眠りの森のシンデレラ
「お味はどうですか?」
琶子の慌てふためく姿を想像していた清は、自分の思っていた反応と全く違う反応を見せる琶子に驚く。
仕掛けに乗らぬとは、ある意味大物か?
だが、まぁ……それはそれで面白い、と不敵な笑みを浮かべる。
「材料も一流だがシェフの腕も確かだ」
琶子は破顔させ「でしょう、でしょう」と何度も頷く。
「ん……薫……。桜井薫、奴か?」
「エッ、榊原さん、ご存じなんですか薫さんのこと」
「各国大使館御用達として有名だ。

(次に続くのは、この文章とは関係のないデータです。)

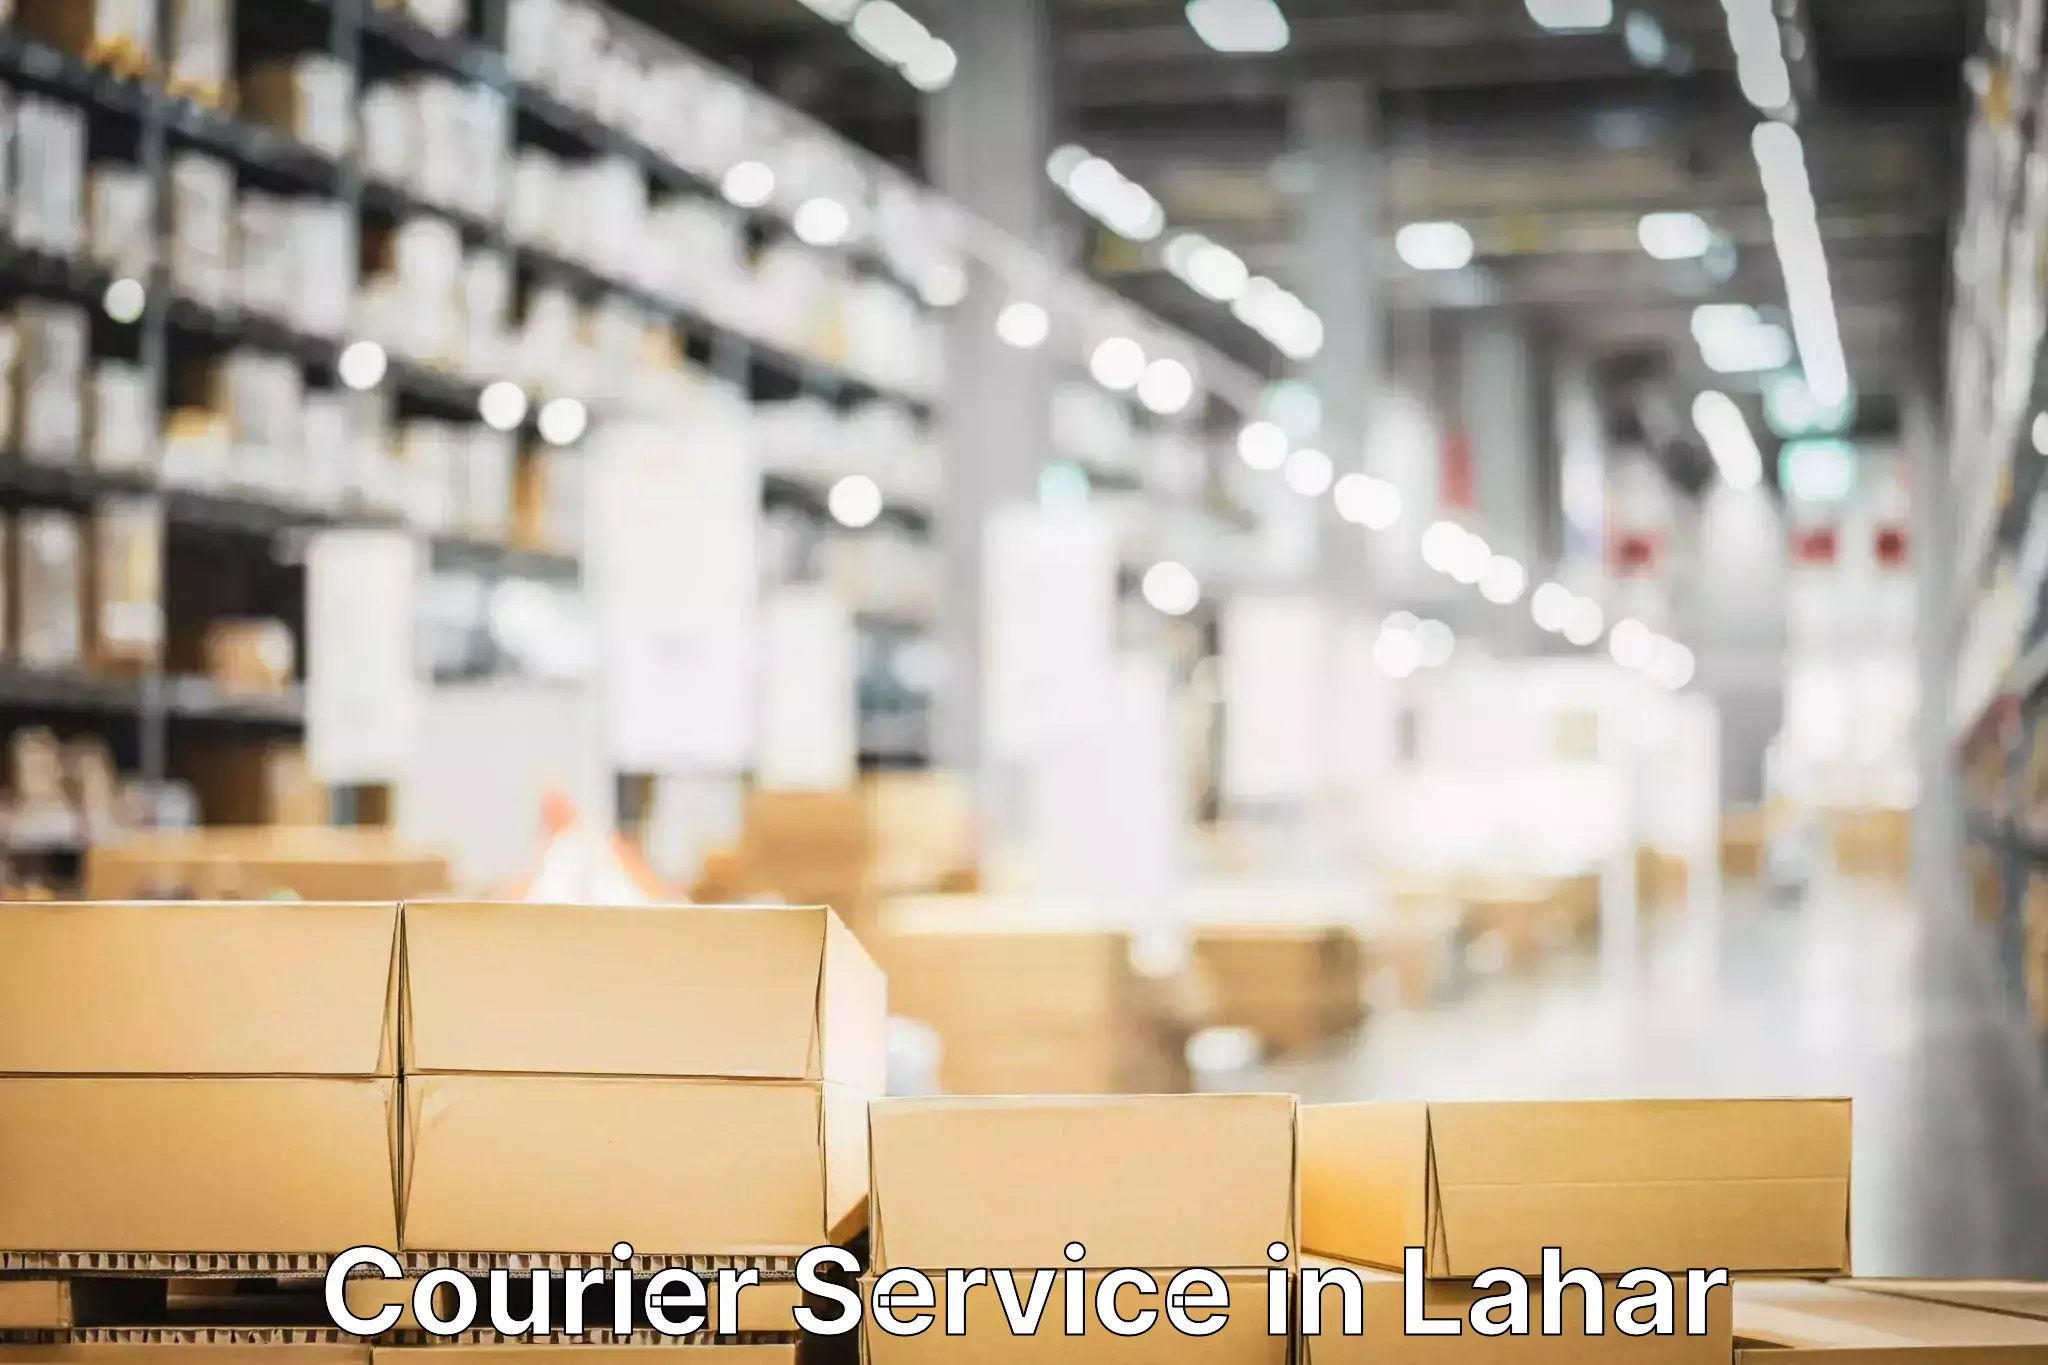 Rapid shipping services in Lahar
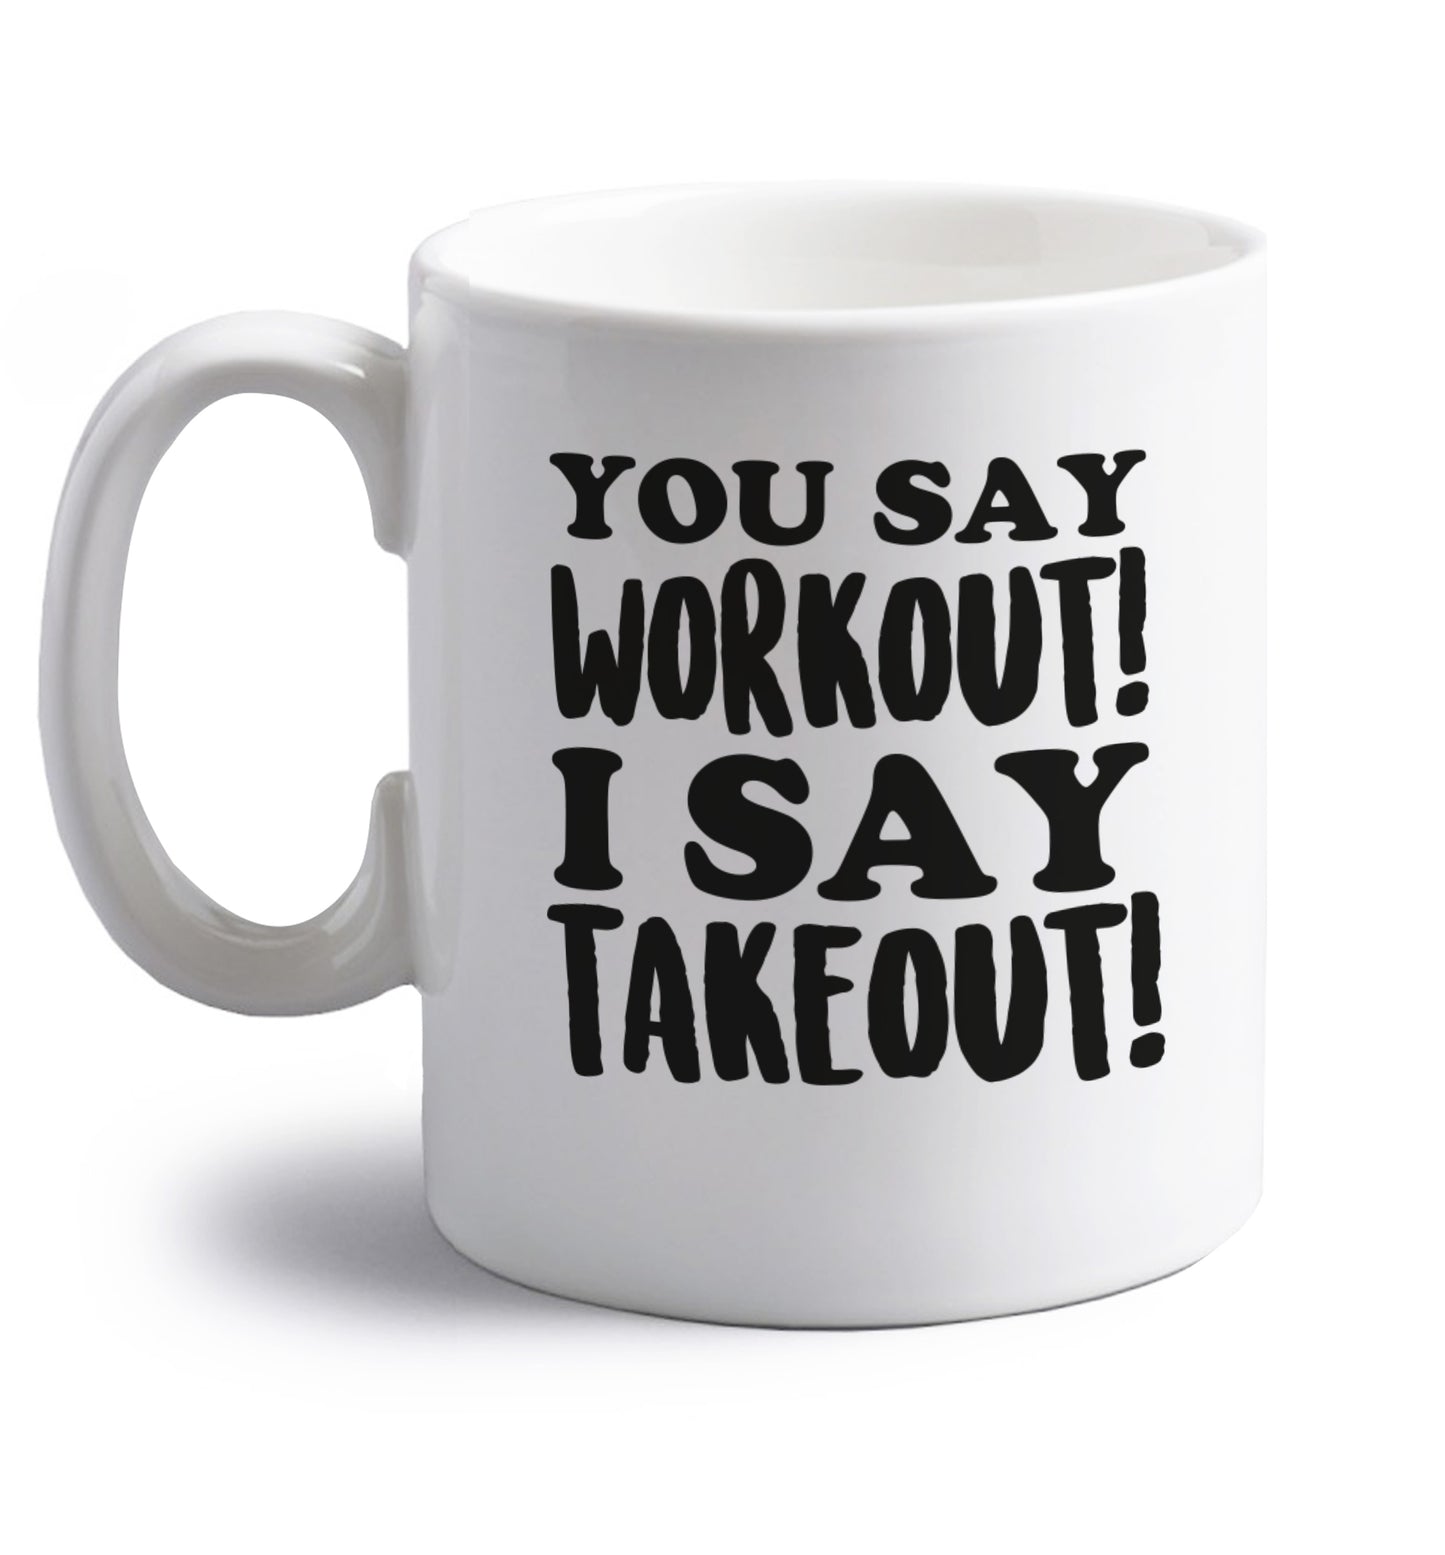 You say workout I say takeout! right handed white ceramic mug

めったに姿を現さないため、謎のパティシエと呼ばれている」
清は紅茶を一口飲み、生チョコに視線を向ける。
琶子はそれに気付き、チョコをピックで刺し、また、清の口元に持っていく。
すると、先程と同様、清はそれをパクリと口に入れる。
やっぱり、餌付けだ! 琶子は喜々とする。
「えっと、そんなに有名だったのですか? 薫さんって」
思わぬ事実発覚に、琶子は驚く。
どおりで、超越美味しいはずだ、とクッキーを手に取り、何年もそのことを知らなかった私って……なんて失礼な奴なのだろう、と猛反省する。
「君は世間知らずなのか、それとも無知で馬鹿なのか」
清からの屈辱的な言葉がそれに追い打ちをかける。
琶子は怒るよりも顔を真っ赤にし、俯き、呟く。